Today the former health center is known as Espace Van Gogh, and houses the town library, exhibition spaces, souvenir shops and a cafe. Ironically, these days the gardens are painstakingly arranged to mirror Van Gogh’s painting. I wonder what he would have thought about that!
Even if you visit no other Van Gogh site, do visit this one. It is not only one of the more tangible locations when in search of the man Vincent was (you can plainly appreciate the balcony where he observed and painted the garden during his convalescence), but it is also a perfect place for a break to have a coffee, tea or snack.
The cafe serves tasty treats and drinks, and you can sit out at a bistro table and take in the serene surroundings. Several Van Gogh themed walking tours came through as we were sitting; small, quiet, guided groups that didn't stay long, so it never felt overwhelmed with crowds.
Having a nice cup of French coffee here and people watching in the garden was definitely a highlight of the day for me! I imagine Vincent had much of the same experience.
Le Jardin d’Été
On the Boulevard des Lices there is another public garden that Van Gogh painted several canvases off. A sign on the left hand side of the main gate shows you where Van Gogh stood to paint ordinary people strolling through the gardens.
Legend has it that the paintings he created here caused the arguments he had with a fellow artist about the speed in which Vincent captured a scene. But Vincent defended his quick strokes:
“When someone says that such and such was done too quickly. . . they looked at it too quickly. "
Le Pont Langlois
Outside the city center, the little wooden lifting bridge Van Gogh painted that he called Le Pont Langlois after its owner, used to cross a canal that fed the Rhône. Today it has been moved down a ways south to an unused part of the canal, and is known as Van Gogh Bridge (Pont Van Gogh). The scene he painted was vibrant and full of happy color. The modern view doesn't really do it justice.
Les Alyscamps
The tree-lined old Roman cemetery of Les Alyscamps, was immortalized in several Van Gogh paintings. With its lines of ancient stone sarcophaguses, it's a strange spot for him to have created his colorful landscapes. You really wouldn’t guess it was a cemetery from his artwork.

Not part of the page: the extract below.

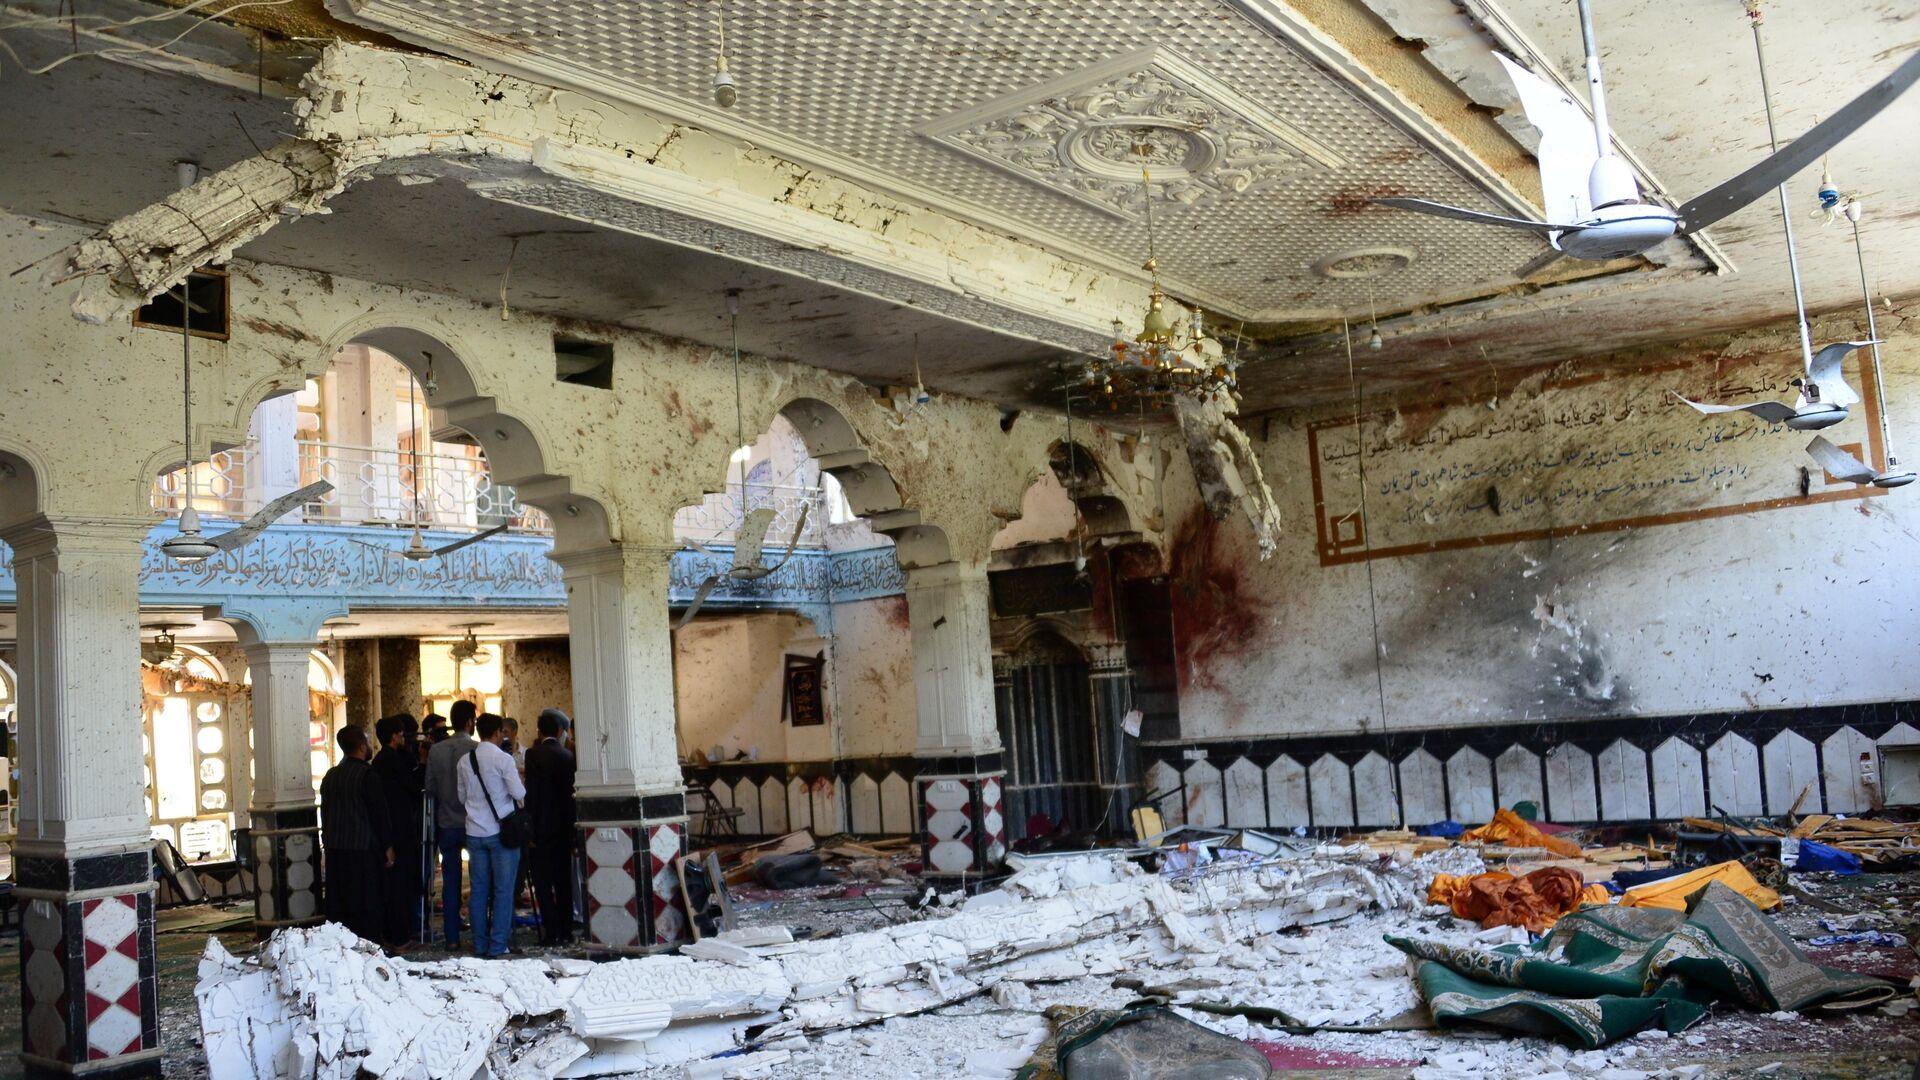 Ataque en la mezquita chií en la ciudad de Herat, Afganistán - Sputnik Mundo, 1920, 14.05.2021

Les Alyscamps is outside the old city limits because Roman cities traditionally forbade burials within the city. For this reason, it was common for the roads immediately outside a city to be lined with tombs and mausoleums.

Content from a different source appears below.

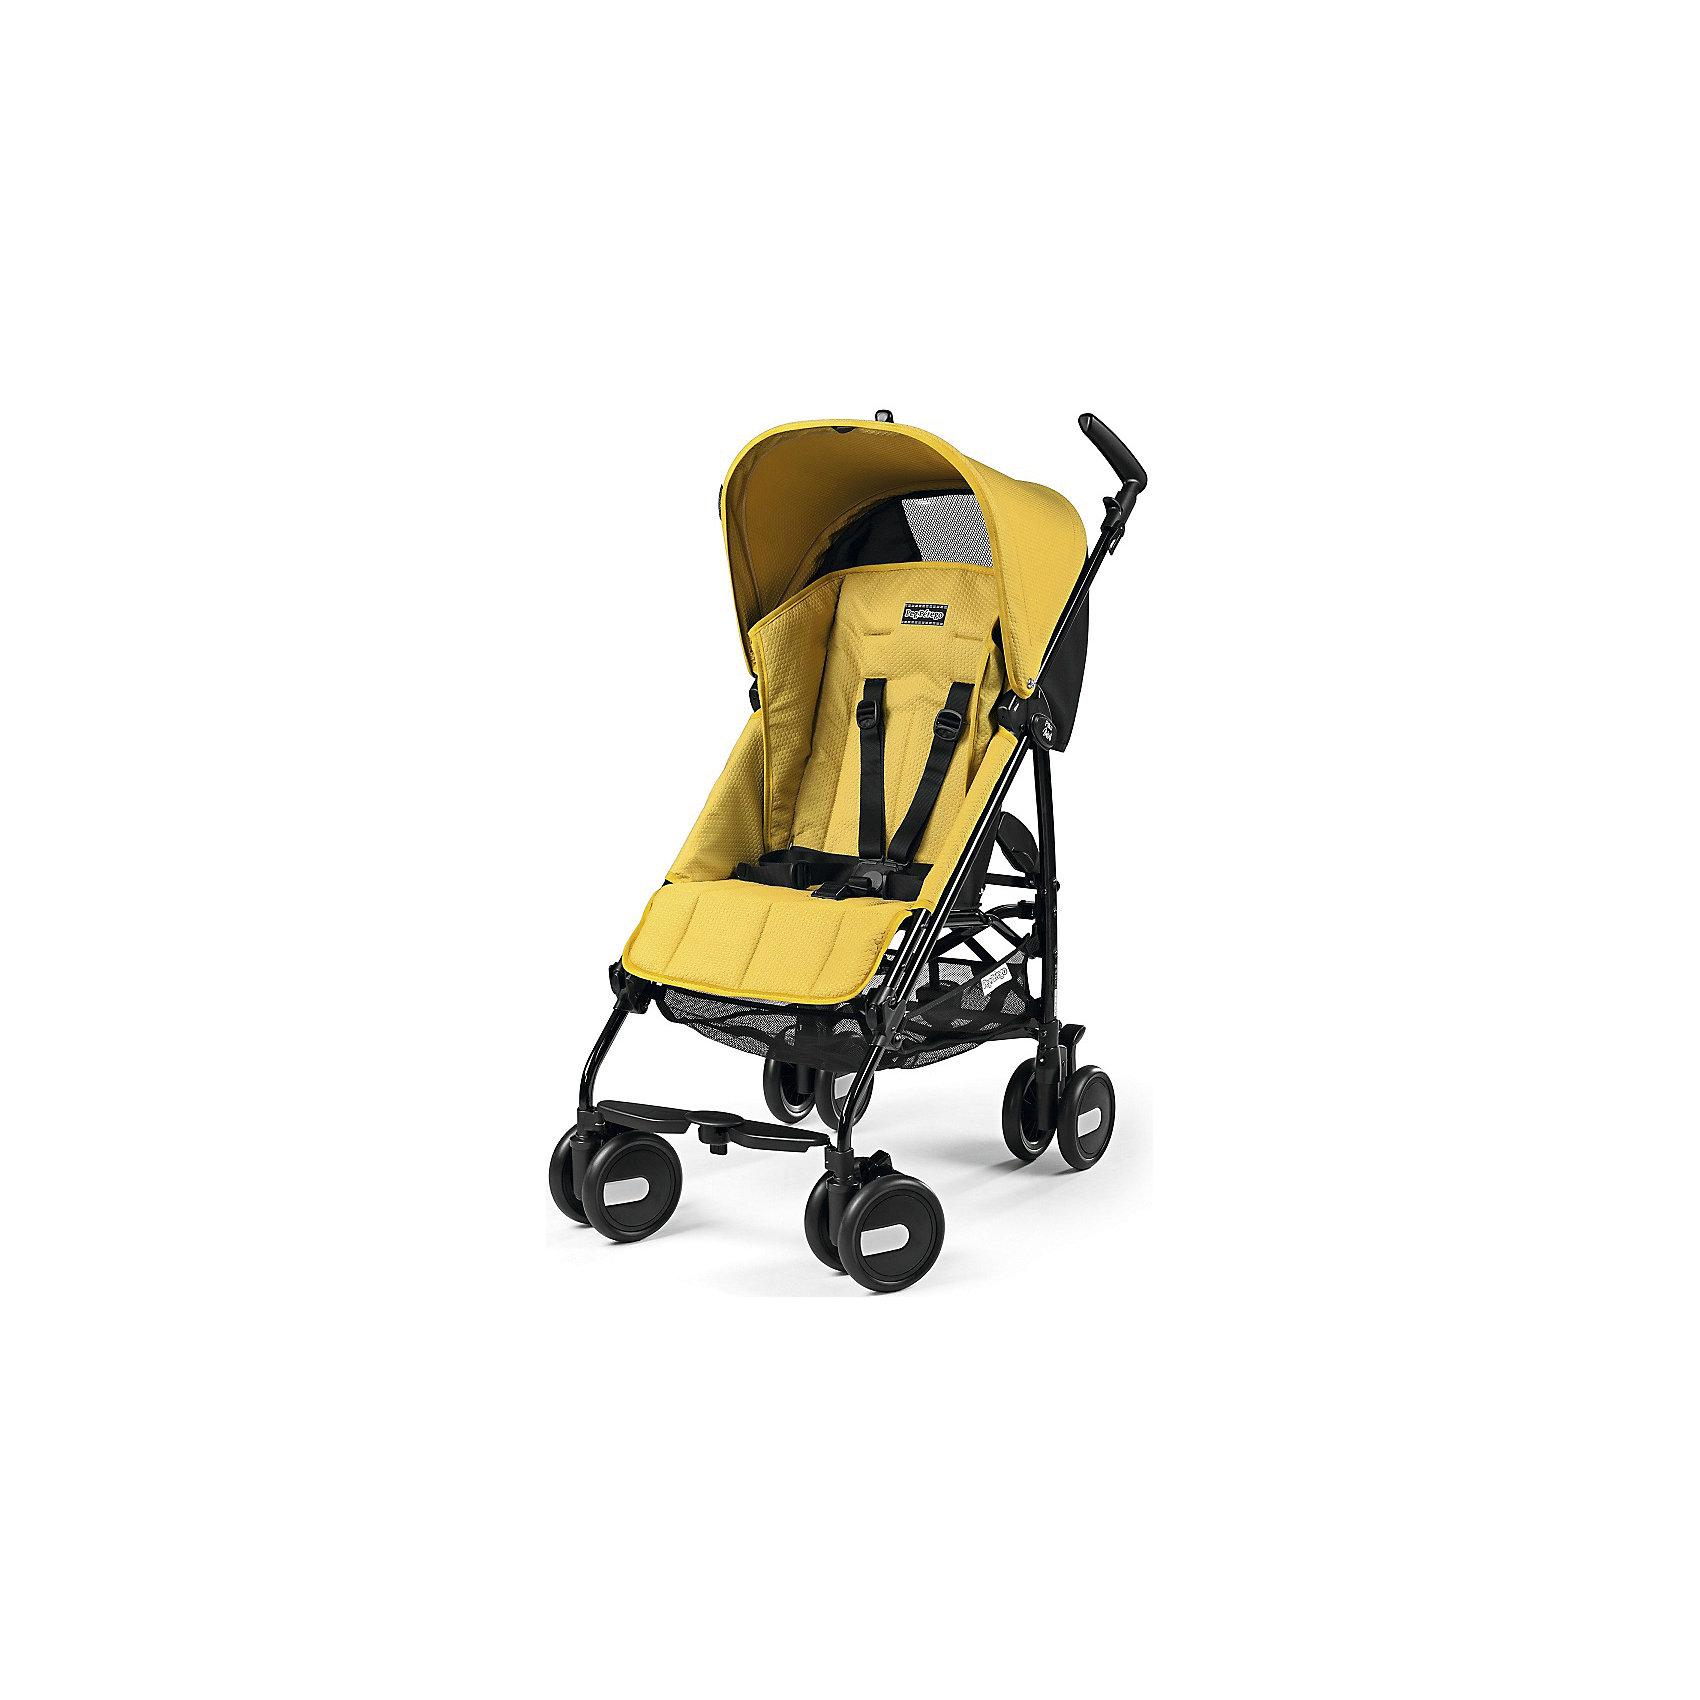 Kоляска-трость Pliko Mini с бампером, Peg-Perego, Mod YellowКоляска-трость Pliko Mini, Peg-Perego - компактная прогулочная коляска с небольшими габаритами, которая отвечает всем требованиям комфорта и безопасности малыша. Очень практична для использования в любой ситуации. Коляска оснащена удобным для ребенка сиденьем с мягкими 5- точечными ремнями безопасности. Дополнительно можно приобрести мягкий съемный бампер (отдельно бампер без коляски не продается!). Спинка легко раскладывается в 3 положениях вплоть до горизонтального. Опора для ножек регулируется, что обеспечивает<br>малышу правильную осанку. Большой капюшон со смотровым окном защитит от солнца и дождя.  <br><br>Для родителей предусмотрены удобные ручки и вместительная корзина для принадлежностей малыша. Коляска оснащена 4 двойными колесами (передние - поворотные с возможностью фиксации, задние - с тормозом). Благодаря узкой колесной базе коляска без труда преодолевает<br>даже самые узкие проемы дверей, лифтов и турникетов. Легко и компактно складывается тростью, что позволяет использовать ее во время поездок и путешествий. Обивку можно снимать и стирать. Подходит для детей от 6 мес. до 3 лет.<br><br><br>Особенности:<br><br>- удобна для транспортировки и хранения;<br>- объемный капюшон от солнца и дождя;<br>- спинка сиденья регулируется 3 положениях;<br>- регулируемая подножка; <br>- корзина для вещей ребенка;<br>- передние поворотные колеса с возможностью фиксации;<br>- узкая колесная база;<br>- легко и компактно складывается тростью.<br><br><br>Дополнительная информация:<br><br>- Цвет: Mod Yellow.<br>- Материал: текстиль, металл, пластик.<br>- Диаметр колес: 14,6 см.<br>- Максимальная длина спального места: 87 см.<br>- Размер в разложенном виде: 84 х 50 х 101 см.<br>- Размер в сложенном виде: 34 х 32 х 94 см.<br>- Вес: 5,7 кг.<br><br>Коляску-трость Pliko Mini + бампер передний, Peg-Perego можно купить в нашем интернет-магазине.<br><br>Ширина мм: 1005<br>Глубина мм: 280<br>Высота мм: 270<br>Вес г: 7600<br>

You can walk there in about 15 minutes from the city center, or alternatively you can take a local bus for about €2.
La maison de La Crau (L'Ancien Moulin) (The Old Mill)
The old mill painted by Van Gogh once stood on the edge of town, against a bucolic view of the plain of La Crau. Today, the mill sits on rue Mireille and the scene Vincent captured isn’t quite the same, as it is much more developed. But the decaying roundish tower still stands.
Fondation Vincent Van Gogh Arles
Arles is home to several museums, but if we are talking specifically about Vincent Van Gogh, the Fondation Vincent Van Gogh Arles is the one that might interest you most. The Foundation honors the work of Van Gogh through exhibits of contemporary artists who are inspired by him, exploring Van Gogh’s weighty impact on art today.
The Foundation was closed when we visited, BUT it when it reopened in June of 2024, it featured a temporary exhibit called Van Gogh and the Stars, centered around Van Gogh’s actual painting Starry Night over the Rhône, on loan from the Musée d'Orsay. Since there are no real Van Goghs on exhibit in Arles, this was pretty big news. Too bad they couldn’t keep it permanently - alas the painting has already gone home.
You can more about the work they do on the Fondation Vincent Van Gogh Arles website.
Hope this little post about beloved Vincent, a monumental figure of the art world, leaves you with a good impression. (see what I did there?)